- Greenfield Plantation
- U.S. National Register of Historic Places
- Location: E of Edenton on SR 1109, near Somerset, North Carolina
- Coordinates: 36°3′13″N 76°26′33″W﻿ / ﻿36.05361°N 76.44250°W
- Area: 9 acres (3.6 ha)
- Built: 1752, c. 1840
- Architectural style: Greek Revival, Georgian
- NRHP reference No.: 76001316
- Added to NRHP: May 6, 1976

= Greenfield Plantation =

Historic house in North Carolina, United States

Greenfield Plantation is a historic plantation house located near Somer, near Edenton, Chowan County, North Carolina. It was built about 1752, and is a two-story, five-bay-by-two-bay, T-shaped Georgian-style frame dwelling. It features a full-width, double porch.
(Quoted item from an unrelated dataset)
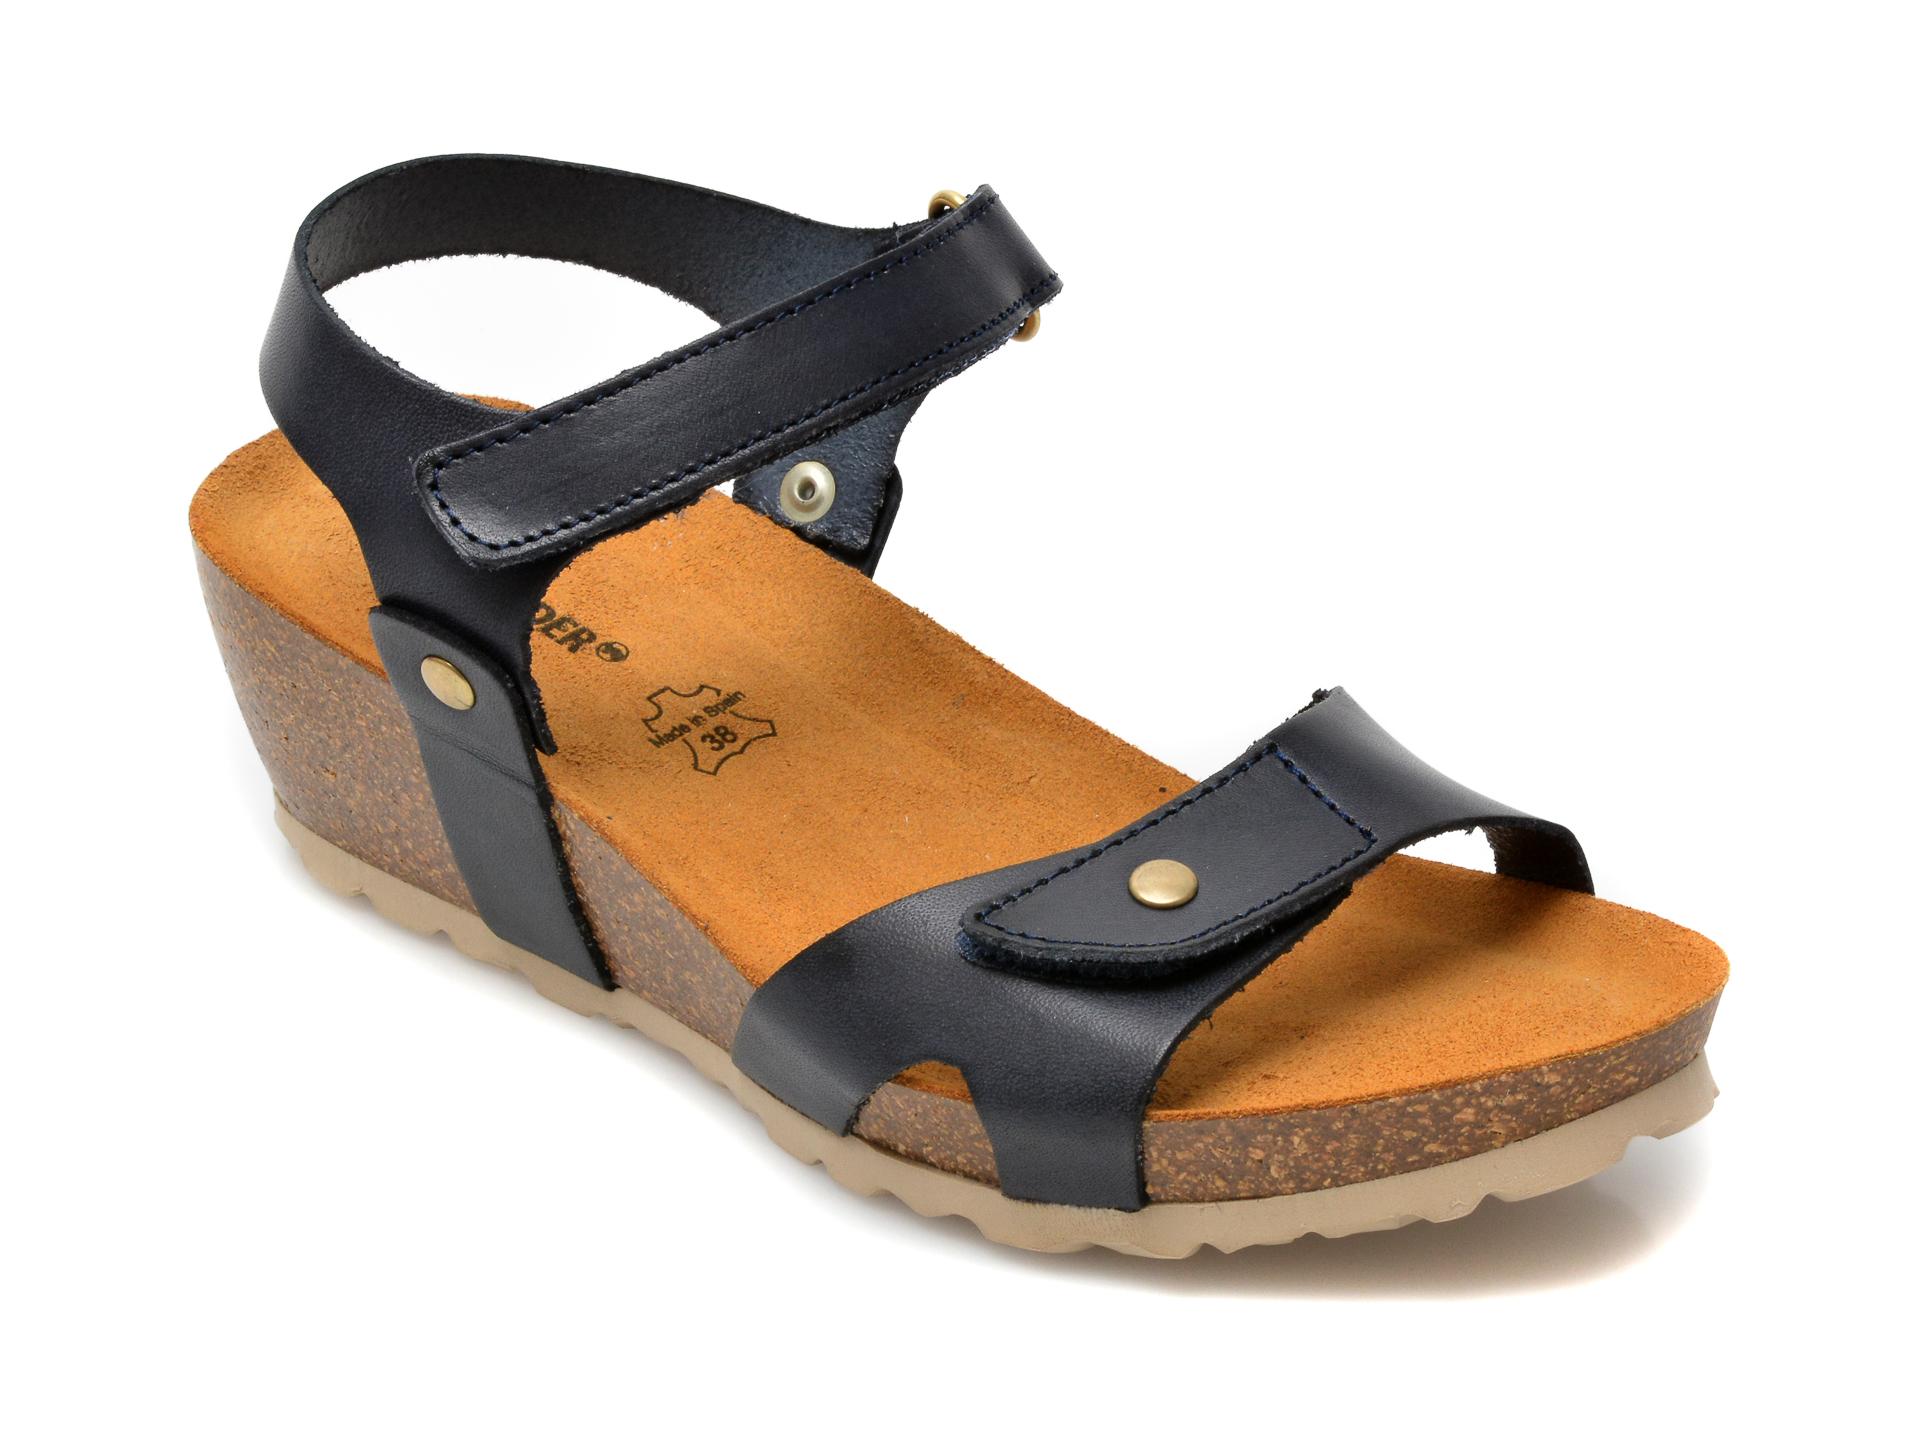 Sandale SALAMANDER bleumarin, 23501, din piele naturala imagine otter.ro 2021

The interior was remodeled in the Greek Revival-style about 1840. It was listed on the National Register of Historic Places in 1976 as a privately owned residence.

The plantation is one of twenty six places located in Chowan County that are on the National Register of Historic Places. It is located on the north shore of the Albemarle Sound, 14 miles east of Edenton. The owner of the plantation on the nomination form for the National Register of Historic Places is listed as being Thomas Benbury Wood and the building was nominated due to its architectural significance.

In the mid nineteenth century Greenfield Plantation was owned by businessman Edward Wood, who purchased the property from Richard Benbury Creecy. Some of the 1,934 acres was used for agriculture (wheat, oats and corn) and farming (cattle, sheep and pigs) and a fishery was established. Edward's other business interests included a sawmill, another fishery and a steam mill. In 1860 he is listed as being the owner of 46 enslaved people.

Greenfield Plantation is associated with Hayes Plantation, as both were owned by Edward Wood, after he inherited Hayes Plantation from James Cathcart Johnston, a descendant of Samuel Johnston. A collection known as the Hayes Collection is held by the University of North Carolina with artefacts from the Johnston and Wood families.

The owner prior to Edward Wood, Richard Benbury Creecy was born at Greenfield Plantation and purchased his siblings stake in the property in 1837. He later became a newspaper editor.